Важнее всего то, что союз с Россией не принесет нам реальных, то есть военных, выгод.
В то же время не подлежит сомнению, что союз с Россией усилит для нас опасность военного столкновения с Англией. Для этого достаточно, чтобы плавание русских аргонавтов сопровождалось новыми инцидентами, вроде недавно урегулированного Гулльского. Чтобы измерить указанное усиление опасности, представим себе на минуту, что общественность узнает о заключении русско-германского союзного договора; разве в этом случае вся ярость английского общественного мнения не обрушится исключительно на нас? Мысль о союзе с Россией базируется исключительно на желании оказать на Францию такое давление, чтобы она всячески старалась удержать Англию от войны с нами. Помощь же России будет выражаться лишь в трактате, заключенном при подобных обстоятельствах, то есть в клочке бумаги, а не в реальных ценностях. Фактически желаемое «давление» на Францию может оказать лишь угроза войны со стороны Германии. Но для этого на сегодняшний день не нужен союз с Россией. Мы настолько сильны и свободны, что можем сделать это в любой момент; таким образом, усиление опасности войны с Англией, которым чреват подобный союз, отнюдь не является для нас необходимым.
Наконец, остается сомнительным, чтобы посредничество Франции смогло удержать властителей Англии от войны с нами, если они действительно захотят ее, не говоря уже о том, что французы, конечно, не вложат душу в свое посредничество. Но если бы это случилось и Англия отказалась от войны с нами, то тем грубее и энергичнее стала бы она натравливать на нас Японию, а насколько я понял из проекта договора, наше столкновение с одной Японией по окончании нынешней войны не явилось бы casus foederis{99} для России. Вести же войну с Японией без сильных на море друзей и имея за спиной враждебную Англию мы не можем. Таким образом, и в этом случае союз с Россией не даст нам ничего существенного.
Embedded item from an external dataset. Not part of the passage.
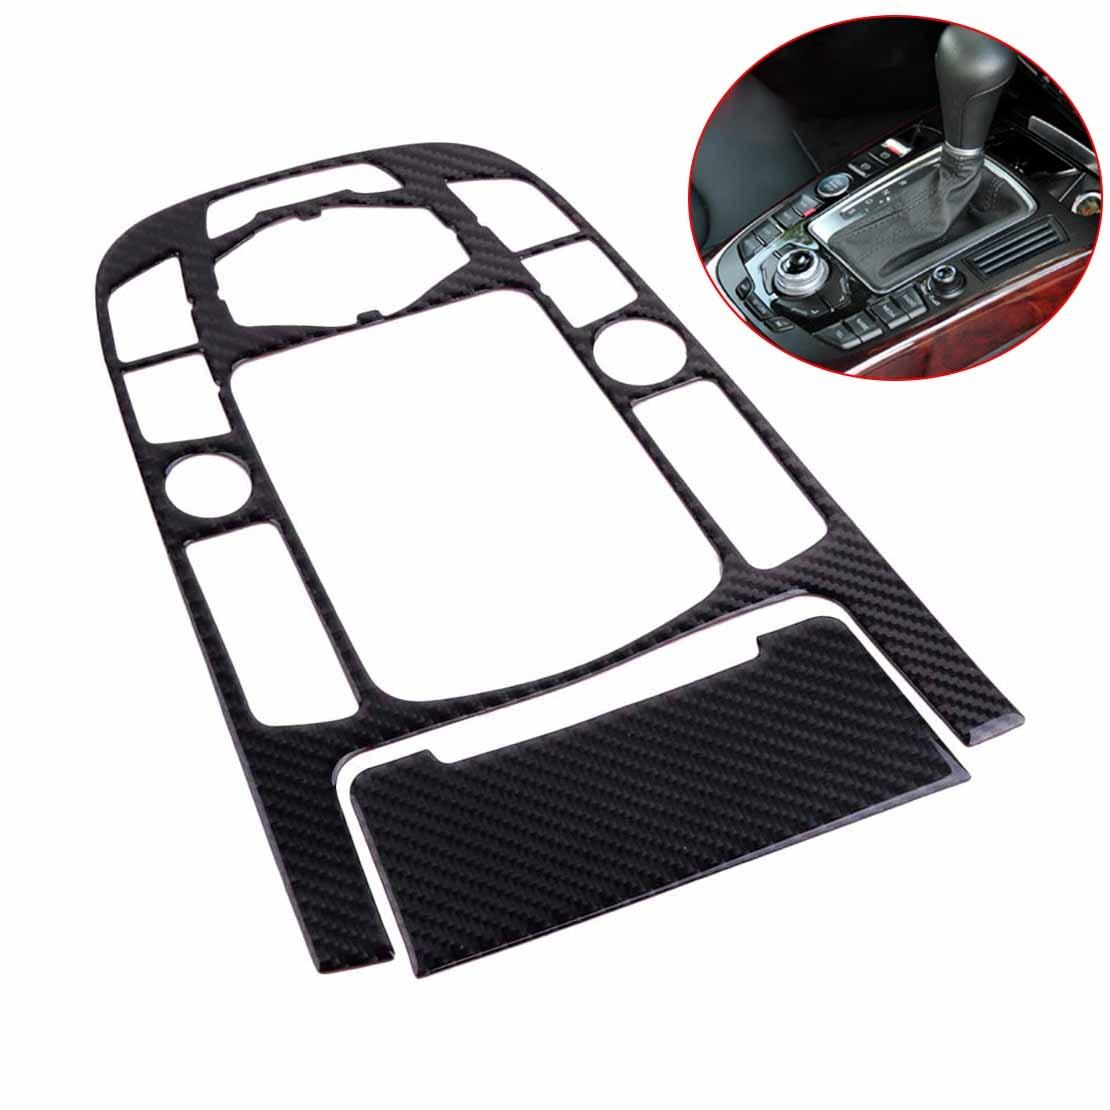 DWCX centre de contrôle de bande de Fiber de carbone panneau de changement de vitesse garniture de voiture intérieur cadre décoratif moulage adapté pour Audi A4 A5

Если же взять, наконец, наиболее интересующий нас случай (Англия одна объявляет нам войну, и Россия должна выступить на нашей стороне), то существующий сейчас двойственный русско-французский союз, направленный против нас, стеснит свободу наших действий по отношению к Франции, помощь же России не будет играть для нас никакой роли. Положительное значение для дела мира имело бы только заключение подлинно оборонительного союза Германии, Франции и России против Англии, но эта цель не может быть достигнута с помощью предложенной акции.